Poetry frequently seen as old-fashioned but Antony Dunn, a poet and director of the annual Bridlington Poetry Festival, is in no doubt about its continuing relevance to our lives today. “If you think about it poetry is still a big part of many people’s lives than we might assume. They turn to if in difficult and in happy times.

“Barely a wedding or a funeral takes place without a poem being read and they’re not dusty old poems, they’re usually ones that have been written today.”

He points to the resurgence of performance poetry in Britain. “This was big back in the 1960s and although it possibly died down a bit in the decades in between it’s definitely on the up. You just have to look at Kate Tempest who filled the Quarry Theatre at West Yorkshire Playhouse for two nights in a row last month. That’s astonishing for a performance poet and it shows the huge appetite there is for this kind of thing.”

Even so, poetry has always suffered from something of an image problem. A few years back in a desperate, albeit understandable, bid to make it sound cool it was dubbed the “new rock ‘n’ roll”. Except it wasn’t really.

Too many people either say poetry’s “not for them” or think it’s boring. But Dunn believes there’s a new breed of writers like Leeds Young Authors who are helping bring poetry to a wider, and younger, audience. “Leeds Young Authors are at the heart of what’s going on in our region and they’re exciting to watch” he says.
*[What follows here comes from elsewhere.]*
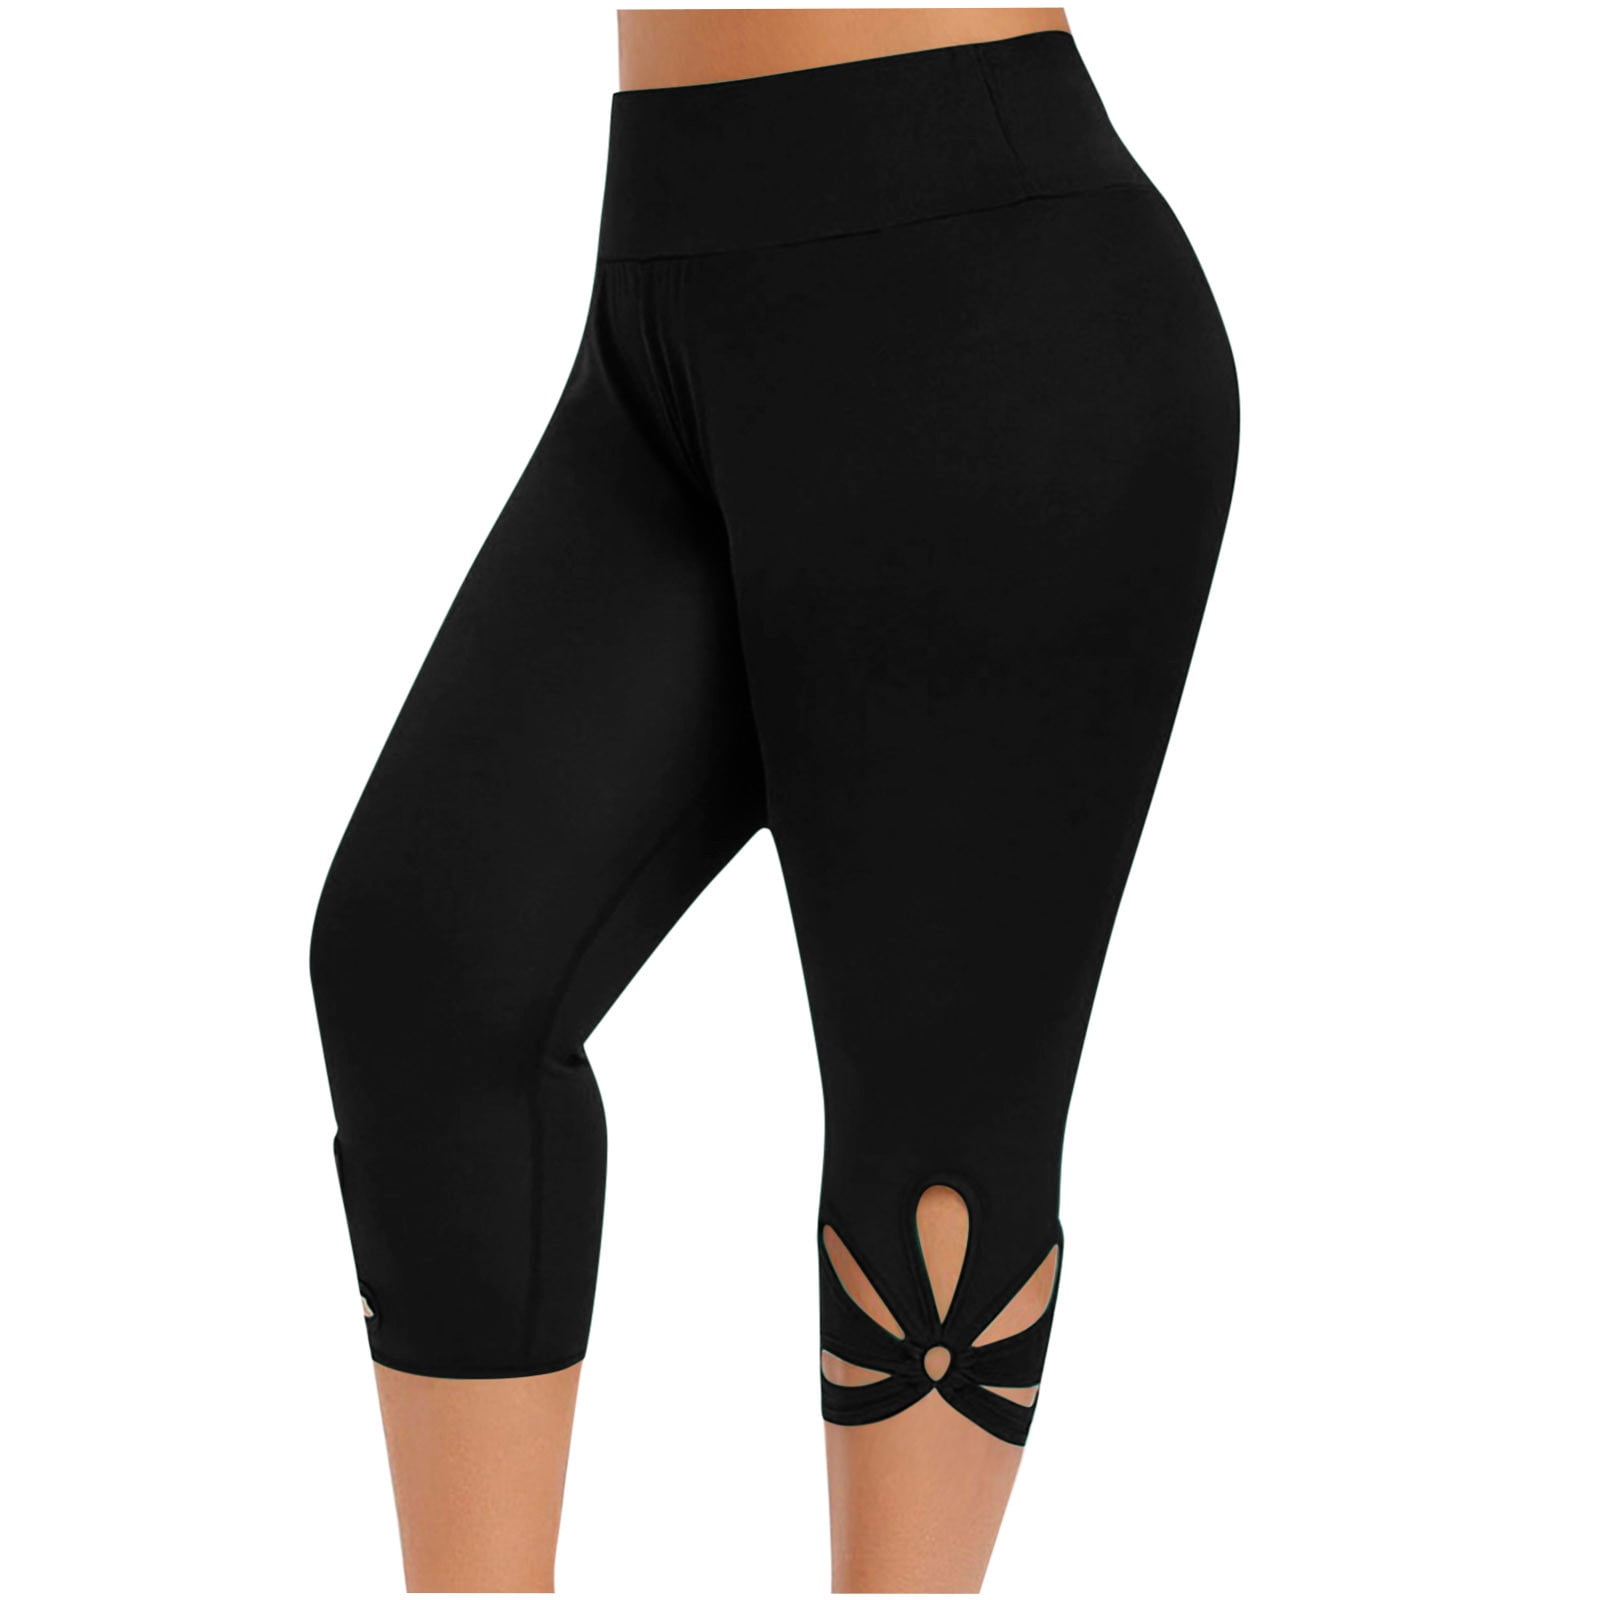 DeHolifer Women's Capri Yoga Pants with Pockets Workout Out Leggings  Stretch Waist Button Pocket Yoga Gym Cropped Trousers Blue XL

“It’s difficult for a 15 year-old to open a book of poems and think it’s cool but they can go and watch the Leeds Young Authors up on stage and think ‘that’s what I want to do.’”

Yorkshire has, of course, produced some of the finest poets ever to put pen to paper, including Ted Hughes, WH Auden, Tony Harrison and Simon Armitage, while Philip Larkin famously plumped for a life in Hull.

These literary roots are perhaps one of the reasons why a seaside town like Bridlington can sustain a poetry festival, now in its fifth year, which suggests that poetry is actually alive and well.

Dunn believes that poetry doesn’t always have to be serious and points to the popularity of people like Wendy Cope, Roger McGough and the “Bard of Barnsley” Ian McMillan. “Anyone who’s sat down for five minutes with Ian McMillan knows that poetry can be fun and that it really dosesn’t have to be dry and dusty.”